More filed in Calif. outside counsel case

By John O'Brien | Apr 1, 2009


SACRAMENTO, Calif. (Legal Newsline) - The California Supreme Court must ensure that counsel representing a government entity remain only interested in justice, not money, attorneys for several paint companies argued in a recently filed brief.

Sean Morris of Los Angeles' Arnold & Porter made the argument in a March 26 brief in the case of several counties and municipalities that claim the former manufacturers of lead paint should be held responsible for its cleanup. Morris is representing Atlantic Richfield against the public nuisance action.

At issue is a 1985 decision in People ex rel. Clancy v. Superior Court. The case involved the City of Corona hiring a private attorney to bring a public nuisance case against alleged violators of a city ordinance. The attorney was paid more for successful than actions than unsuccessful ones.

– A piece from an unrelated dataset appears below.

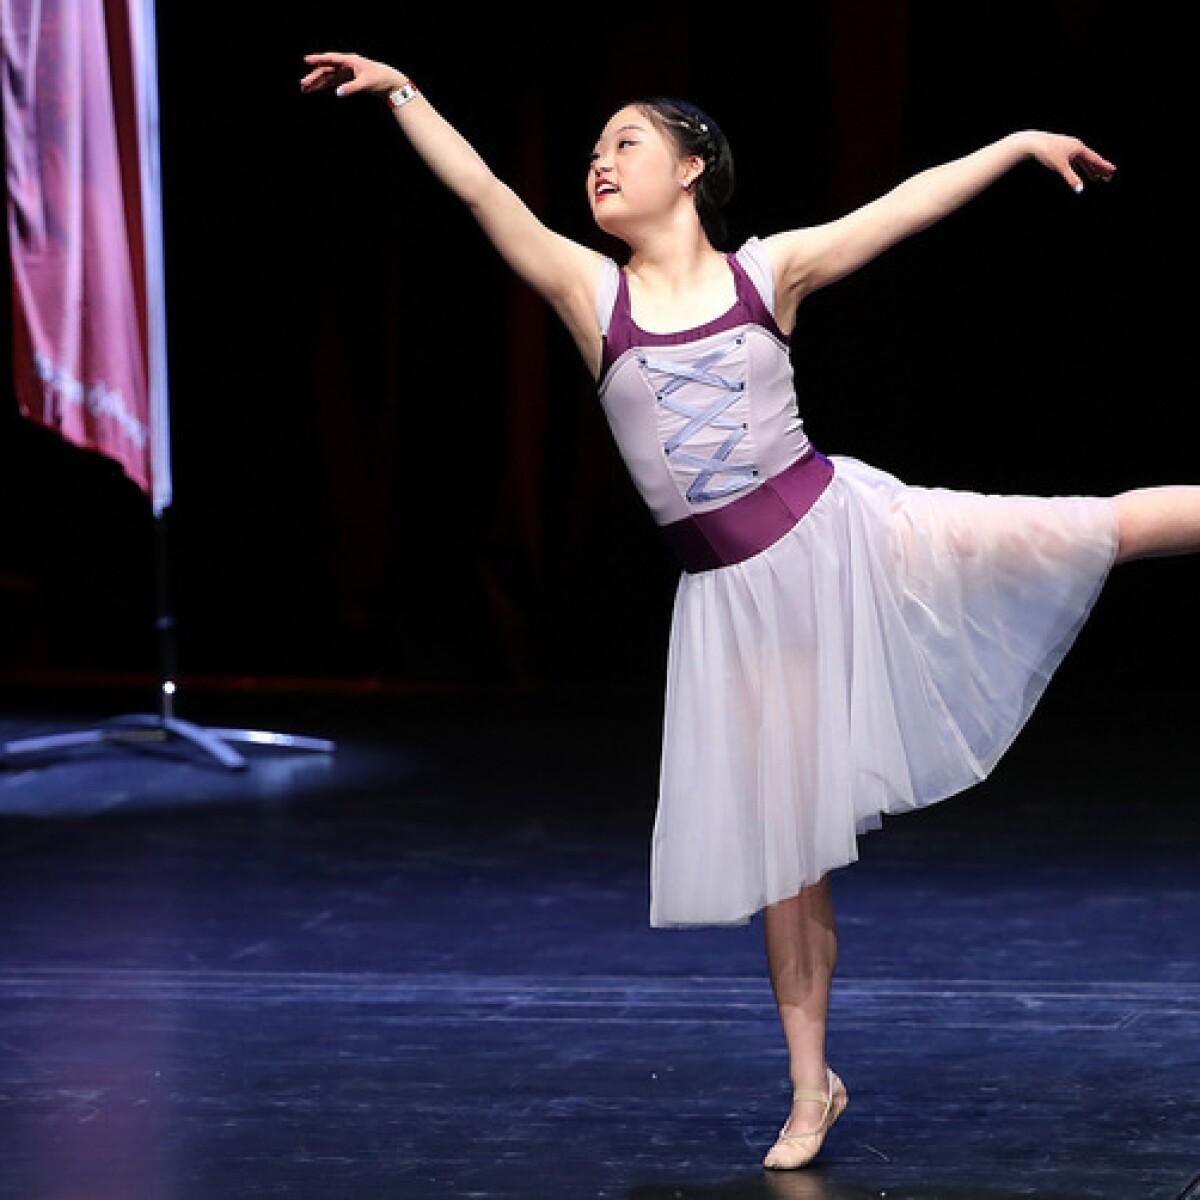 Special Olympics: Rhythmic Gymnastics |Special Olympics Dance

"As this Court also has recognized, the prosecuting lawyer's requirement of absolute neutrality derives from two aspects of the sovereign nature of a government prosecution," the brief says.

"First, that as a representative of the sovereign, the prosecuting attorney can act justly only if the attorney acts with the impartiality required of those who govern.

"And, the attorney's impartiality is also necessary because the attorney has available the vast power of the government, a power that must not be abused."

Seven California counties and four cities (San Francisco, Los Angeles, San Diego and Oakland) claim the paint companies created a public nuisance when they made lead-based paint before it was outlawed in 1978. Similar suits have failed in Rhode Island, New Jersey, Missouri and Wisconsin.

In the Rhode Island case, the state Supreme Court ruled that Attorney General Patrick Lynch may hire outside counsel as long as he has the final say over actions in the lawsuit.

The California case is on hold while the contingency fee issue is sorted out. The trial court ruled for the paint companies, which include Sherwin-Williams, NL Industries and DuPont, but the Court of Appeals reversed the decision in favor of the plaintiffs.

The plaintiffs argue that the requirements of justness and impartially do not necessarily preclude the government entity from compensating its attorneys on a contingent fee, that their case differs from Clancy because it does not deal with threats of criminal liability and First Amendment concerns and that neutrality is not violated if the government bestos a final interest only on "subordinate" prosecuting attorneys but not on their "supervisors."